11. Investor-State Arbitration Policy and Practice in Australia

Abstract: Australia has investment treaties in force with 32 economies, all with investor-state dispute settlement (ISDS), except regarding New Zealand and the USA. Yet ISDS only started being debated politically as Australia signed its FTA with the US in 2004, and particularly around 2011 when a mega-regional treaty was being negotiated and Philip Morris Asia brought the first ISDS claim against Australia over tobacco controls. A centre-left Government over 2011-13 eschewed ISDS for future treaties, but centre-right governments reverted to allowing it on a case-by-case assessment, and the Greens’ ‘anti-ISDS’ Bill went nowhere. The debate belatedly raised awareness of how Australia’s domestic law provides some lesser investment protections than under international law. More bipartisanship has been emerging since 2019. Australia may therefore keep reverting to a more globalised approach towards ISDS, while continuing to target reforms that can reduce formalisation, particularly in the form of ISDS-related costs and delays.

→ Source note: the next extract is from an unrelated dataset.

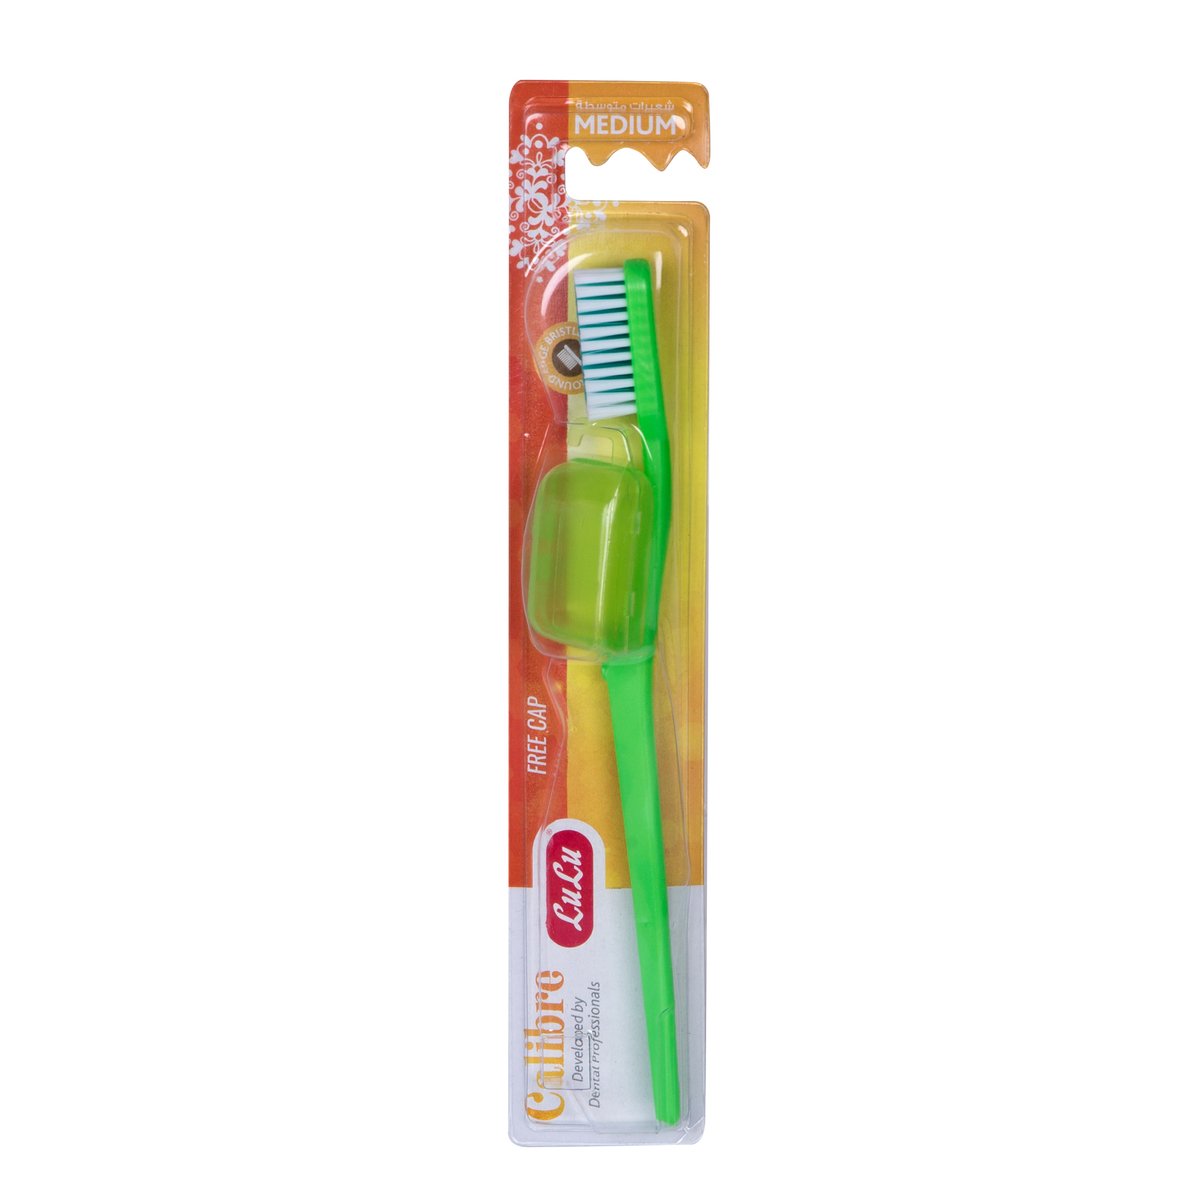 اشتري قم بشراء LuLu Toothbrush Medium Calibre Assorted Color 1 pc Online at Best Price من الموقع - من لولو هايبر ماركت Toothbrushes في الامارات

12: Beyond the Pandemic: Towards More Global and Informal Approaches to International Arbitration

Abstract: Overall, this Book traces the trajectory of both international commercial arbitration and investor-state arbitration, especially since the 1990s, focusing on Australia and Japan in regional and global contexts. It demonstrates the usefulness of the dual themes or vectors of ‘in/formalisation’ and ‘glocalisation’ for understanding the past and for assessing future developments in international arbitration. Part I of this Chapter considers the longer-term impact of the COVID-19 pandemic from 2020. It speculates about the future for the observed proliferation of webinars, and the pandemic’s push towards virtual hearings or e-arbitrations, as well as further diversification of arbitral seats – including potentially for Australia and Japan. Part II ends more normatively with recommendations for more productive cooperation, bilaterally but also regionally, among academics, lawyers and arbitrators, judges and governments. It identifies key Asia-Pacific organisations and opportunities for promoting a global and somewhat more informal approach to international arbitration into the 21st century.